The park’s renaissance, however, came too late for Lindsey to enjoy the benefits fully. Yet even though she was well beyond the monkey-bar years, she still liked coming here. Her quick jaunts to Prospect Park began around the time of her parents’ divorce.
She sat awhile on the wide hard-plastic swing just to think. Over time, what had been an occasional desire had turned into something of a habit. She’d come to the park whenever she needed an escape, which, sadly, was more and more often. That was why she came here mostly at night—when the little kids were all in bed, and her mother was passed out on the sofa with half a bottle of Chardonnay. At least her mother’s drinking problem made it easy for Lindsey to sneak unnoticed out of the house.
Normal parents would know if their kid had walked out the front door at midnight. But getting her mother’s attention would require Lindsey to scream in the poor woman’s ear. Come morning, Lindsey doubted her mother would even remember the conversation. When Lindsey slipped on her light blue cotton jacket and slipped out the front door minutes before the grandfather clock chimed twelve, she did so without leaving a note as to her whereabouts. She’d be home in an hour.
The moon was just a sliver in the sky, and it was late enough that even the crickets, normally deafening, seemed to have retired for the night. Lindsey rocked herself backward and forward, pumping her legs just enough to keep her momentum, but not so much that the swing hinges creaked out her presence. She wanted only Tanner Farnsworth to know that she was there, and judging by her cell phone’s clock, the boy who had betrayed her trust wouldn’t show for another ten minutes. That is, if he dared to come at all.
Lindsey let her thoughts drift back to the events that preceded this planned rendezvous. It had all begun with a frantic phone call from Jill.
“Slow down, Jill,” Lindsey had to shout into her phone. “I can’t understand you.”
But once Lindsey finally grasped what Jill had been saying, she couldn’t believe what she heard. Their plan had been simply to figure out whether Mitchell was involved in the computer attacks. But in a single sentence, the life that Lindsey believed couldn’t get worse had done just that.

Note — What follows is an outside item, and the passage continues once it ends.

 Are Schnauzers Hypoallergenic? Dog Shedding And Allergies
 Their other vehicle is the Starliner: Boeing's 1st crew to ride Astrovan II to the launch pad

“Mitchell had what on his computer?”
“Your pictures,” Jill said. “The ones you told me you sent to Tanner. And that’s not all. He had pictures of me, too, and a bunch of other girls as well.”
“Oh my God.”
They went back and forth for a few minutes, with Lindsey punctuating each new revelation with another “Oh. My. God.”
“You’ve got to promise, swear to me, Lindsey, that you’re not going to do anything about this. I didn’t even tell my dad.”
“Your dad came and rescued you. Don’t you think you can trust him?”
“Yeah, a lot more now,” Jill agreed. “But that doesn’t mean I want him to know that I passed out at a party, or that somebody took pictures of me with my clothes off. You can’t tell anyone I told you this. Mitchell swore to me that he’d put my pictures everywhere if you did. Yours, too. I mean, we’ll be totally destroyed.”
“We went after one thing and found another.”
“What do you mean?” asked Jill.
“The police found child porn on your dad’s computers. But this isn’t the same thing. Mitchell can’t be the one who framed him.”
“That doesn’t mean I want my dad to know about these pictures!” Jill cried.
Lindsey tried to calm her crying friend, but it wasn’t easy to do over the phone. Eventually, Jill managed to calm herself.
“We can’t just let this go,” Lindsey said. “How many other girls’ pictures did Mitchell have?”
“A bunch,” Jill said. “Like I said, I didn’t look long. I copied them, though. I still have the storage key. When Mitchell found me looking, I swear I thought I was going to die. I can’t tell you how freaked out I was.”